Quote from: Sacrosanct;759392Never got into the 2e setting craze.  Stuck with my own game world (heavily pulled from Grayhawk).  I know I'm an outlier, but I had no desire to play Dark Sun, Spelljammer, Planescape, or Ravenloft.  In fact, planescape just turned me off.

Sorry Man, but if you don't have a burning desire to play Dark Sun or Ravenloft you are dead to me :)



I can definitely see why Spelljammer or Planescape might not be everyone's favorite though.

jeff37923

Dark Sun was awesome all the way. Ravenloft started out good, but then quickly got overplayed like a Top Forty song on the radio.

Spelljammer was stupid from the get-go.
"Meh."

Sacrosanct

Quote from: Bill;759412Sorry Man, but if you don't have a burning desire to play Dark Sun or Ravenloft you are dead to me :)


.

haha.  You see, I was never into the whole Goth scene, so Ravenloft didn't hold any great appeal.  And Dark Sun just didn't fit.  I'm from the Pacific Northwest and Alaska, so I like forests and plants in my fantasy setting.  Dark Sun just seemed to overdo it, making everything spiky and brown.
D&D is not an "everyone gets a ribbon" game.  If you\'re stupid, your PC will die.  If you\'re an asshole, your PC will die (probably from the other PCs).  If you\'re unlucky, your PC may die.  Point?  PC\'s die.  Get over it and roll up a new one.

Bill

Quote from: jeff37923;759415Dark Sun was awesome all the way. Ravenloft started out good, but then quickly got overplayed like a Top Forty song on the radio.

Spelljammer was stupid from the get-go.

I love Ravenloft but once the players are intentionally metagaming dark powers checks....blah!

Works best with either players unfamiliar with ravenloft, or with players capable of not metagaming.

Bill

Quote from: Sacrosanct;759418haha.  You see, I was never into the whole Goth scene, so Ravenloft didn't hold any great appeal.  And Dark Sun just didn't fit.  I'm from the Pacific Northwest and Alaska, so I like forests and plants in my fantasy setting.  Dark Sun just seemed to overdo it, making everything spiky and brown.

And the 'plants' might have psionics, might be mobile, and probably want to kill you.

Bedrockbrendan

Quote from: The Butcher;759403Ravenloft was really cool too, and I got to play it quite a few times, but I'm not sure how the "all Hammer Horror all the time" schtick would hold up for a long-term campaign, especially at higher levels.

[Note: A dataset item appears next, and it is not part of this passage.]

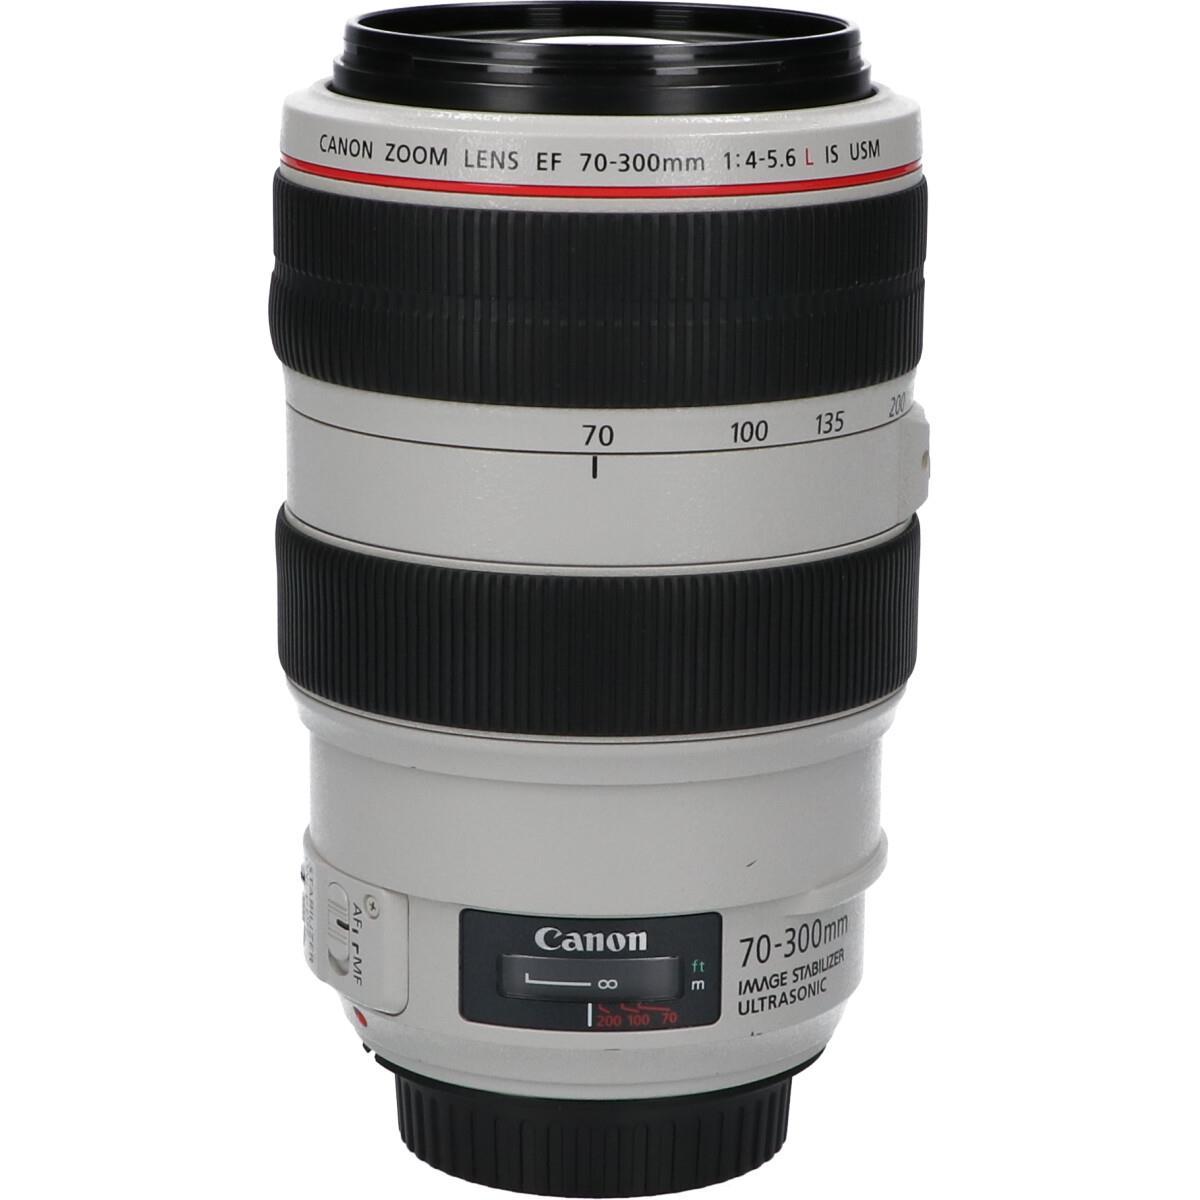 きれい Canon キャノン カメラレンズ EF 70-300mm f/4-5.6 IS USM Lens
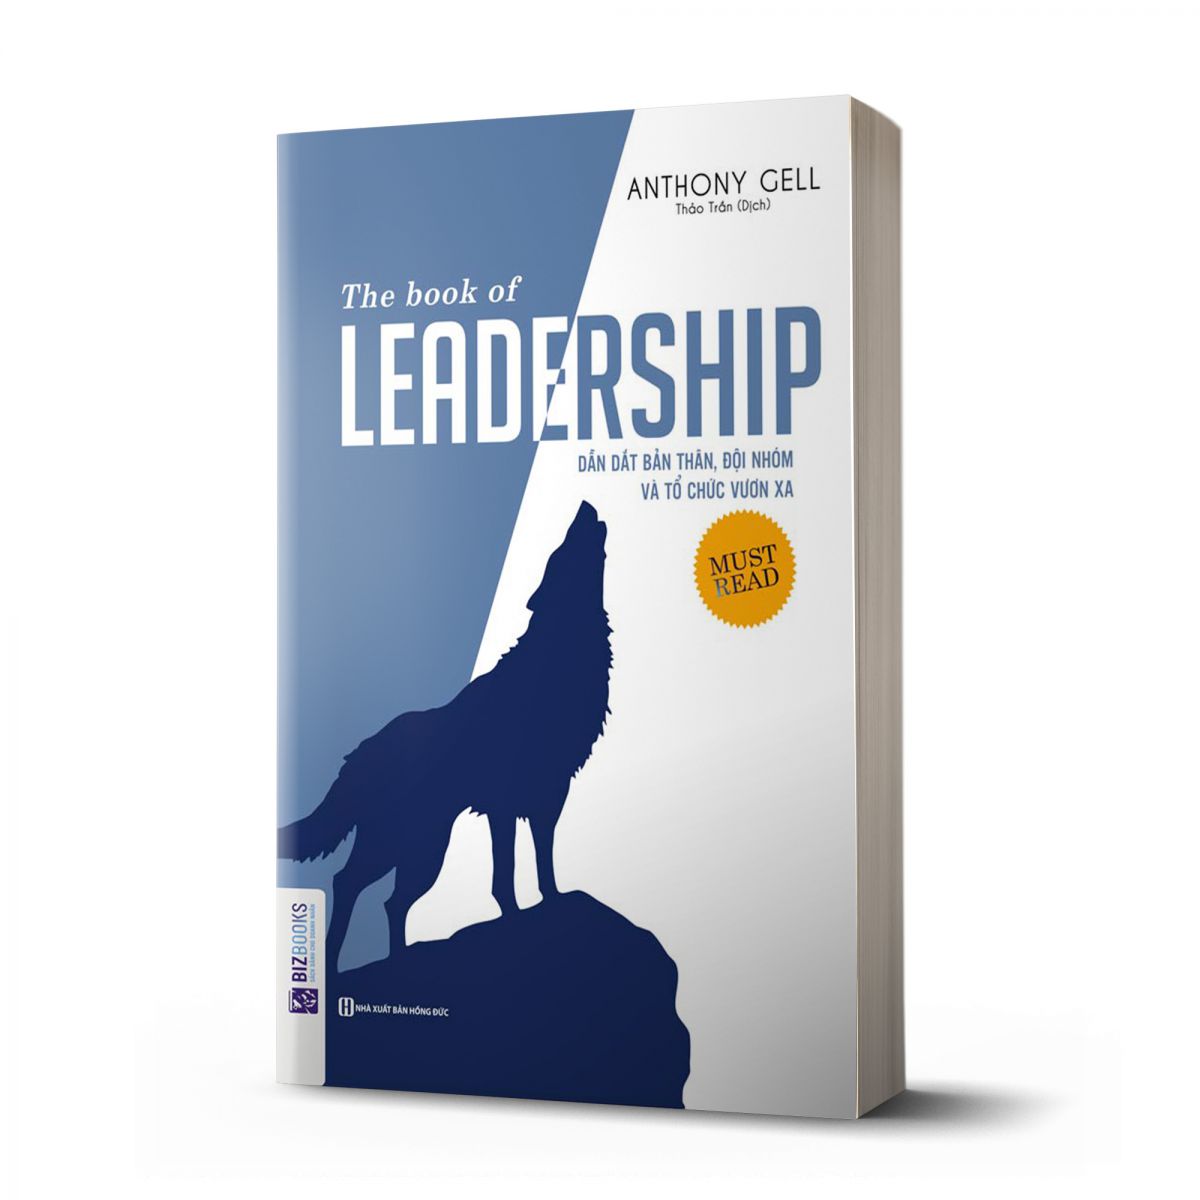 The book of leadership - Dẫn dắt bản thân, đội nhóm và tổ chức vươn xa 1

I managed to run two full campaigns through highschool. One lasted many years amd continued after graduation. I ran another long campaign after that as well. I think what makes it work long term is to embrace some if the campiness. But then I was raised on Universal and Hammer. The harder I trued for high end horror, the less well it held up. The more i tried for classic horror movie vibe, the better it worked. You also have to contrast heavily. If it is all horror all the time, people stop reacting. You need to break it up with some light hearted stuff and less horror-based stuff.

Shipyard Locked

Quote from: BedrockBrendan;759428The harder I trued for high end horror, the less well it held up. The more i tried for classic horror movie vibe, the better it worked.

That's the money tip right there. There's a similar old trick to running World of Darkness like an 80s splatter-horror flick, you get much better results. Less Interview With the Vampire, more Fright Night.